Al Araf menyebut Menteri Koordinator Politik, Hukum dan Keamanan atau Menkopolhukam, adalah orang yang paling bertangung jawab atas dikeluarkannya Perppu ?kontroversial itu kata Al A’raf menjelaskan.

Pasalnya, Al Araf menganggap adanya Perppu Ormas atau Organisasi Kemasyarakatan karena kegagalan pemerintah, khususnya Pak Wiranto dalam memahami masalah ektrimisme dan radikalisme di Indonesia kata Al A’raf menjelaskan.

Kemudian, kegagalan dalam memahami tata hukum yang ada di Indonesia juga menjadi pemicu lainnya lahir Perppu tersebut .

Pertama, Pemerintah gagal memahami kewenangan yang dimiliki Undang-Undang Nomor 17 Tahun 2013 tentang Organisasi Kemasyarakatan.
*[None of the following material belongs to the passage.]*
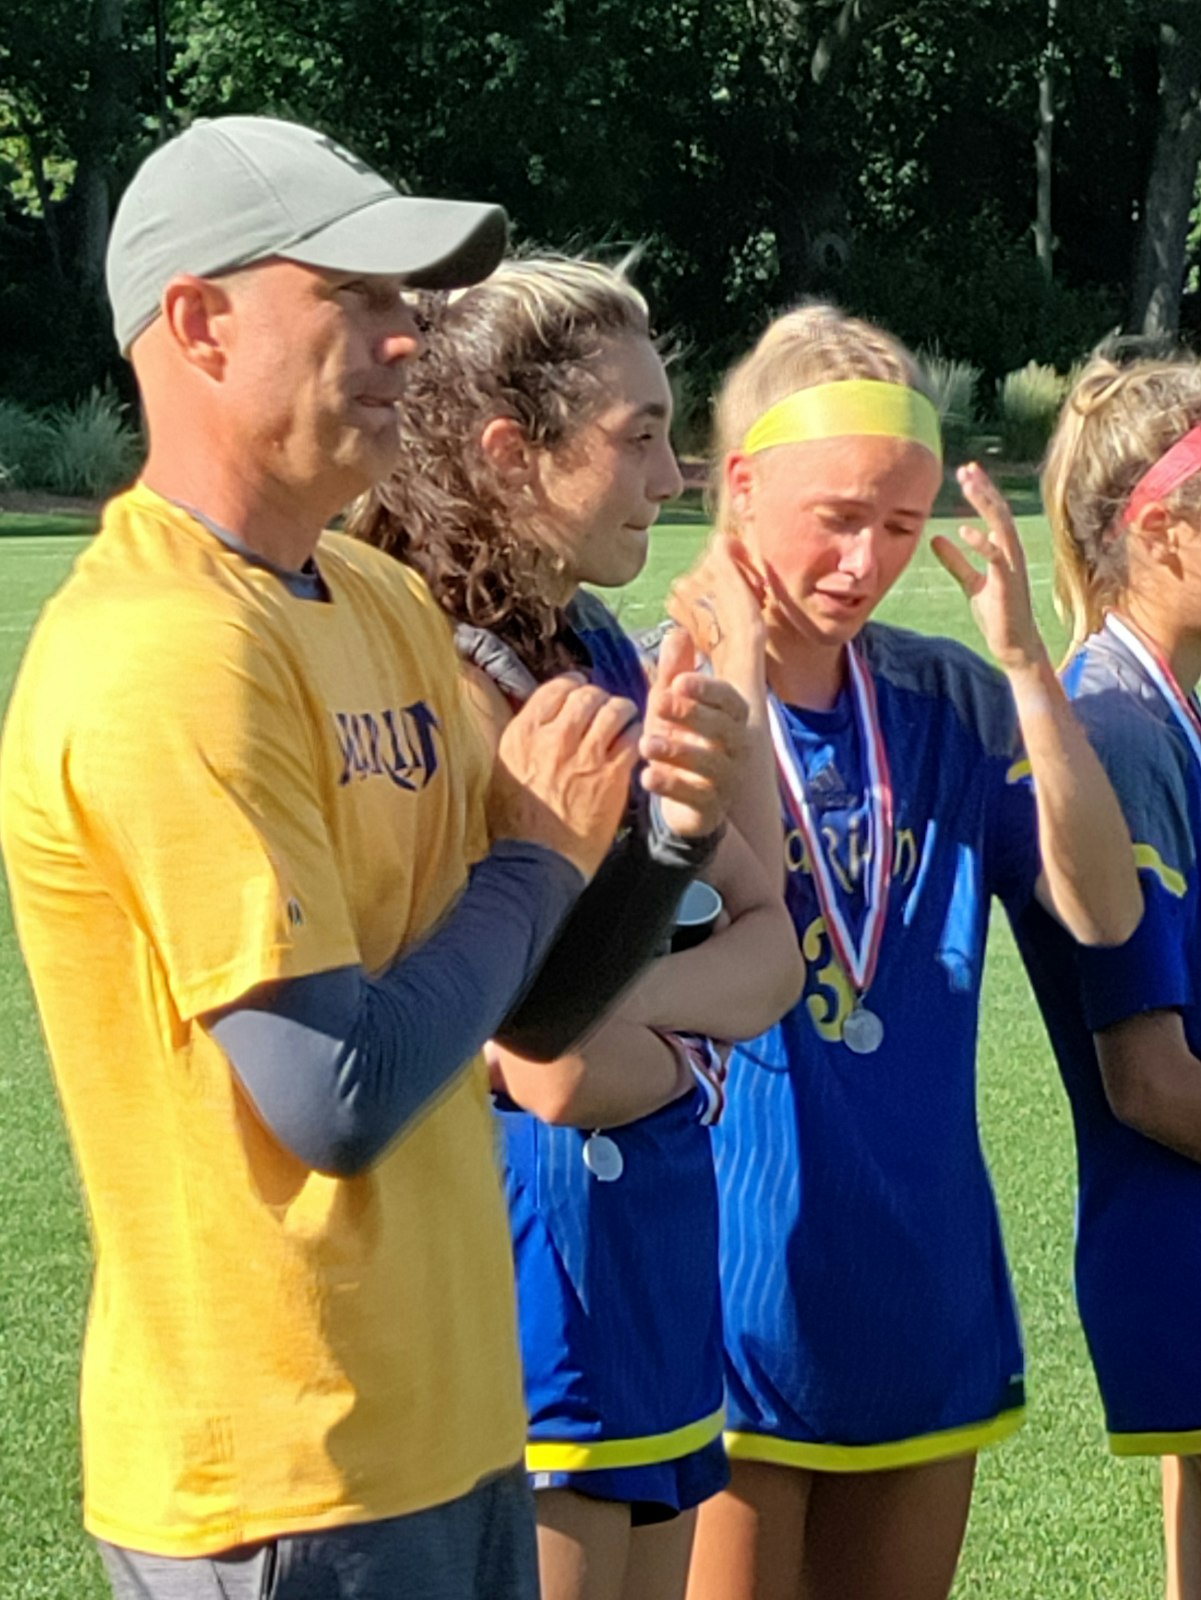 Birmingham Marian coach Reid Friedrichs, Angelina Briggs and Lucy Kinna share an emotional moment in the awards line after the Mustangs’ 2-1 loss to Grand Rapids Forest Hills Central. (Don Horkey | Special to Detroit Catholic)
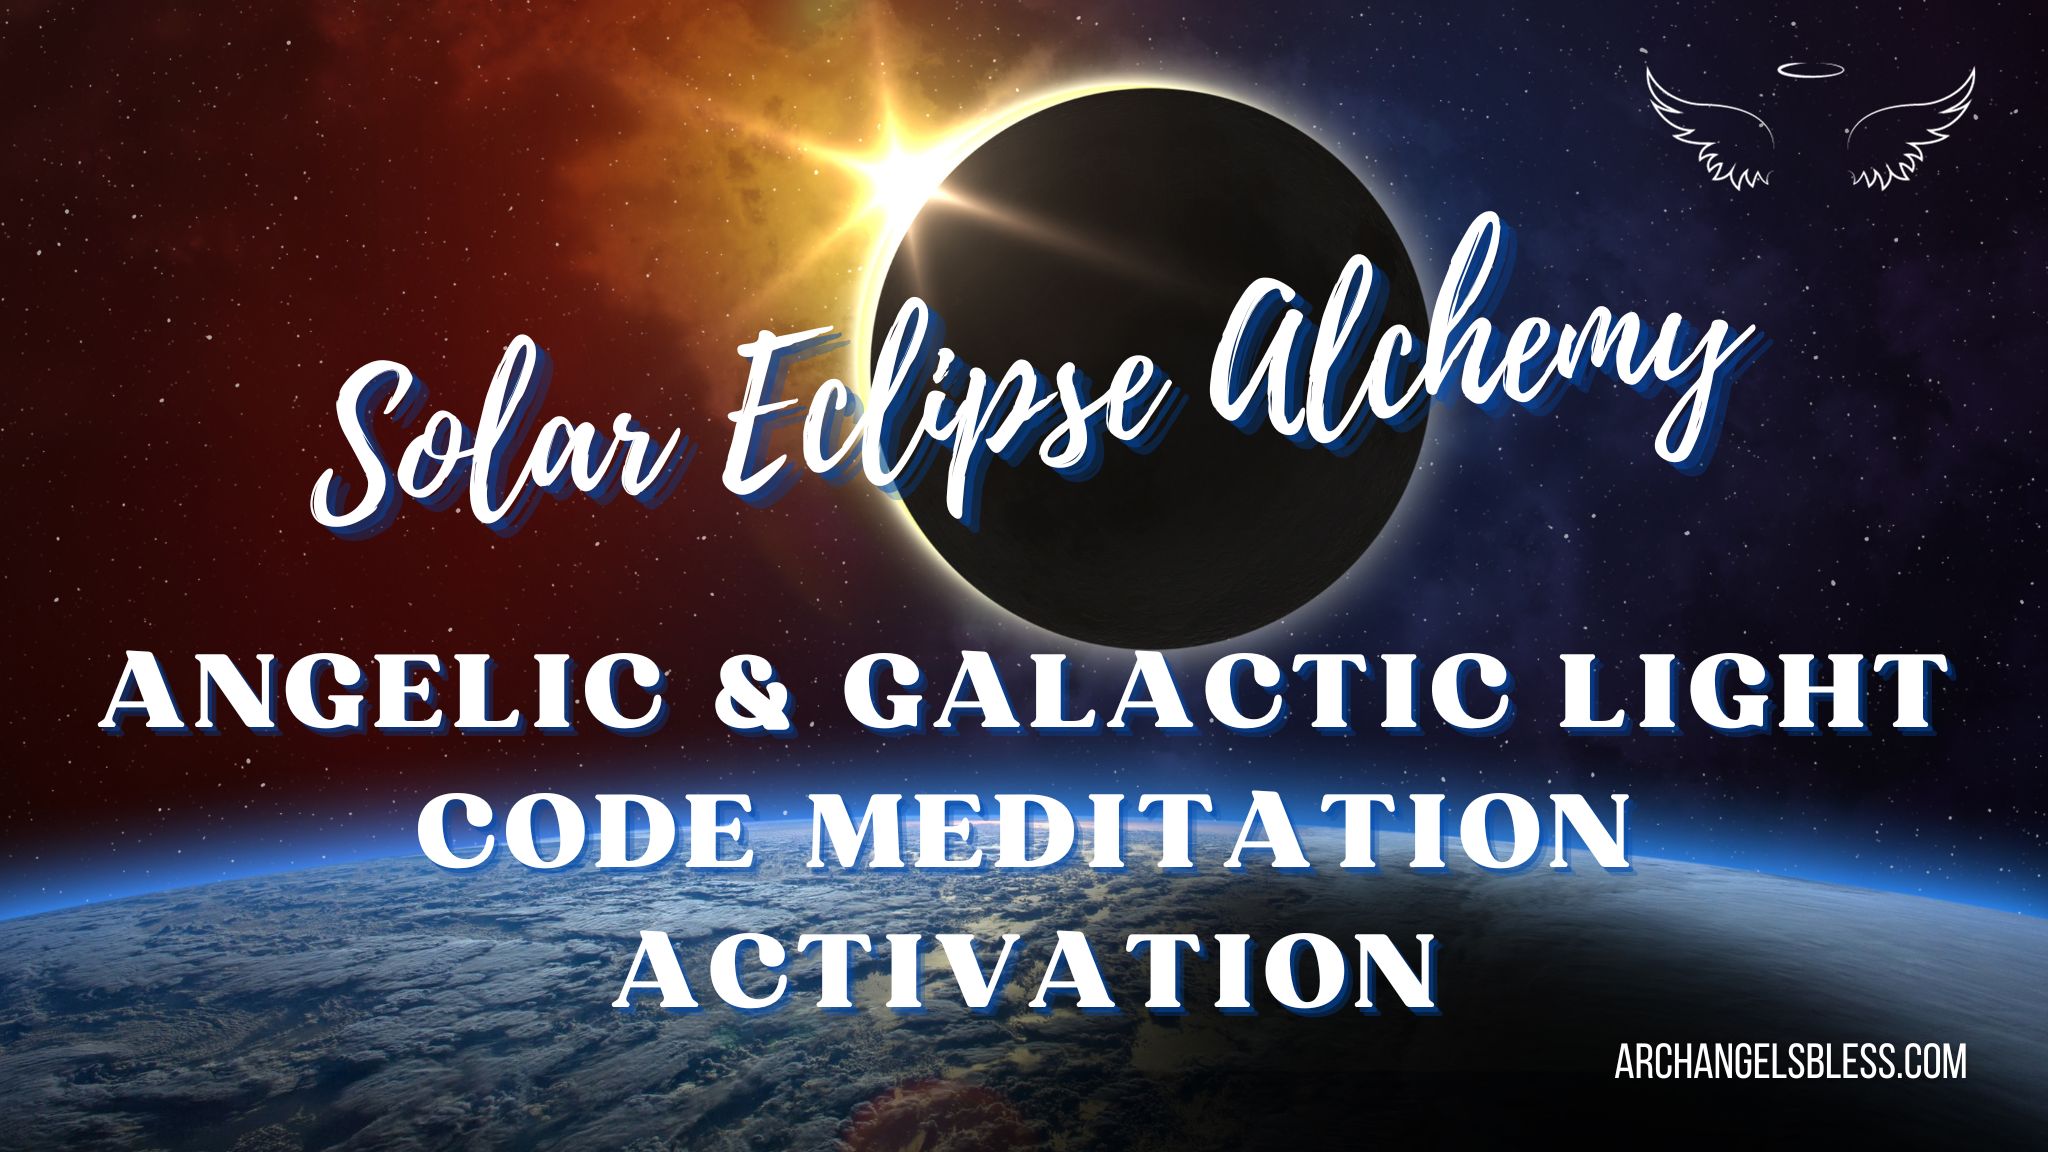 Solar Eclipse Alchemy: Angelic & Galactic Light Code Meditation Activation MP3 DOWNLOAD

Kedua, Pemerintah juga gagal memahami bagaimana mengatasi persoalan ekstrimisme dan radikalisme yang salah satunya berujung pada tindakan intoleransi di dalam negeri.

Kami pandang, persoalan Perppu ormas atau Organisasi Kemasyarakatan diakibatkan karena kegagalan pemerintah dalam memahami secara utuh aturan hukum yang sudah berlaku dan masalah ekstrimisme, radikalisme,” yang ada di Indonesia, kata Al A’raf di Jakarta,pada hari Minggu 13 Agustus 2017.

Menurut Al A’raf jika Pemerintah paham akan dua persoalan tersebut secara mendalam, Perppu Ormas atau Organisasi Kemasyarakatan yang saat ini terus menuai pro dan kontra tidak akan pernah diterbitkan.

Perppu ormas atau Organisasi Kemasyarakatan tidak perlu keluar untuk mengatasi berbagai tindakan tadi. Itu kalau Pemerintah cukup dalam memahami ekstrimisme dan radikalisme serta aturannya secara lengkap kata Al A’raf.

Al A’raf pun menegaskan, terbitnya Perppu ormas atau Organisasi Kemasyarakatan. tersebut semakin memperumit kebinekaan dan intoleransi yang ada di Indonesia.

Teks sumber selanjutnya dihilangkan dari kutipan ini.